III

On the day before the opening of the Melton term I went as usual to talk to O'Rane while he was dressing for breakfast. Burgess was allotting him rooms in the bachelor quarters, and there O'Rane's interest in the subject ceased. There might be furniture, carpets and bedding, and in that case he would—in his own phrase—"be striking it rich"; or again there might be bare boards, and in that event his travelling rug would be useful. Someone would lend him a cap and gown, there were shops in Melton, and, above all, he was an old campaigner.

My first idea had been to ask Lady Dainton to see him settled. Then I discovered a wish to go myself and see how my young cousin Laurence was progressing. Finally I produced an old letter from Burgess, reproaching me for never going near the school.

"You do fuss so!" Raney exclaimed, walking barefoot round the room until he found a sunny piece of carpet. "I've got to start on my own sometime. And I've got a dog. Where did Jumbo come from, George?"

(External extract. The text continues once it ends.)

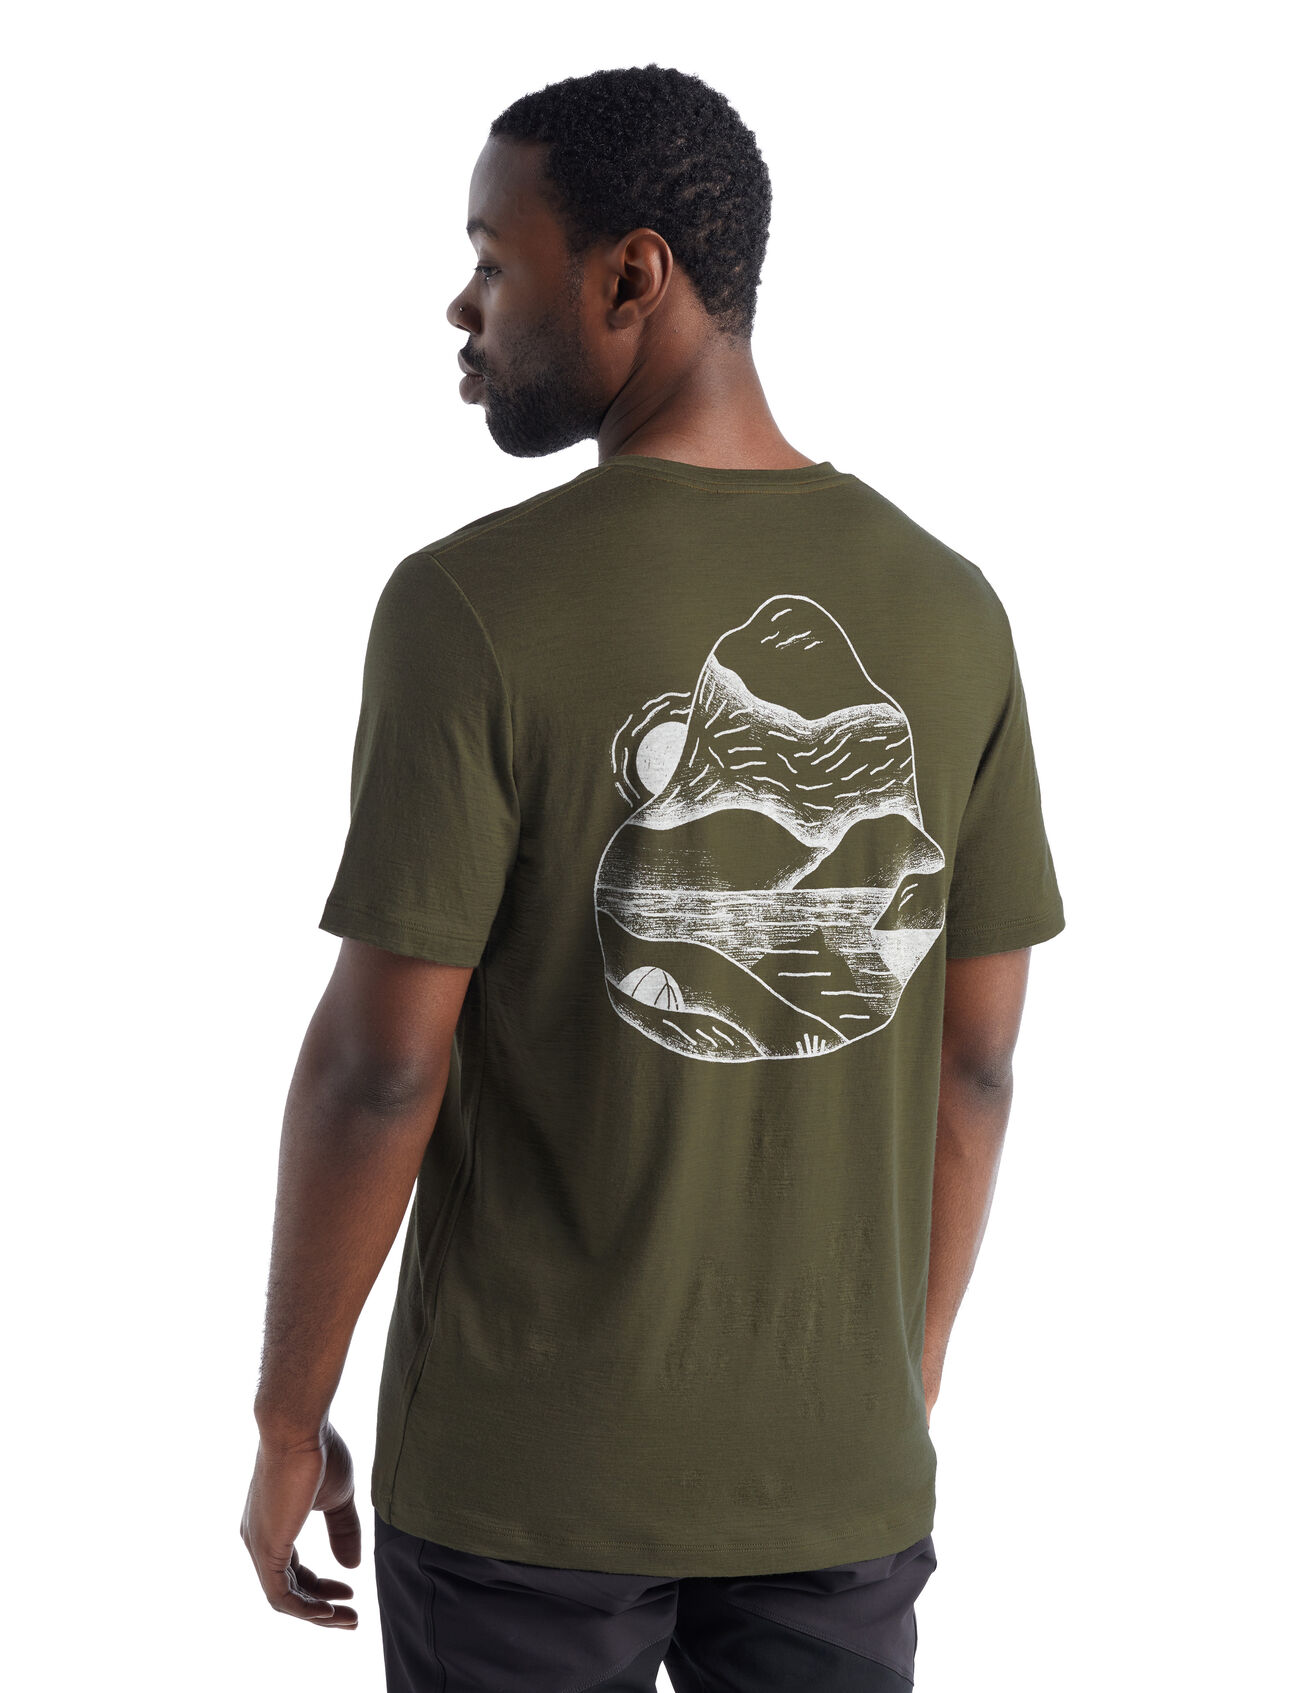 Merino Tech Lite II T-Shirt Sunrise Ridge Herren Unser vielseitiges technisches Merino T-Shirt, das dich bei jedem Abenteuer mit Komfort, Atmungsaktivität und Geruchsneutralität begleitet, das kurzärmlige Tech Lite II T-Shirt Sunrise Ridge bietet dank 100% Merinowolle natürliche Performance. Die einzigartige Bergillustration von Mark Conlan verleiht dem T-Shirt eine künstlerische Note.

"The clouds," I said. "Why shouldn't I be allowed to see my own cousin?"

"Send him a fiver. He'll appreciate it much more. George, I know you want to be helpful, but none of the masters knows I'm coming, nobody knows I've been wounded. They—they can just dam' well find out, especially the boys. You haven't given me away to your cousin?"

"I've said nothing, but if you're taking the Under Sixth you'll drop across him. Raney, what in the name of fortune are you going to Melton at all for?"

He gave a low whistle, and the great St. Bernard moved slowly forward and touched his hand.

"What does a kiddie do when he's hurt?" he demanded, dropping cross-legged on to the floor. "I wanted some place I knew ... out of the turmoil ... some place where I could rest and think it all out. We've got to get a New Way of Life out of this war, George."

"Those were pretty well Loring's last words before he went out," I said. "There's the opportunity if anyone will take it. What's to be the new Imperative, Raney?"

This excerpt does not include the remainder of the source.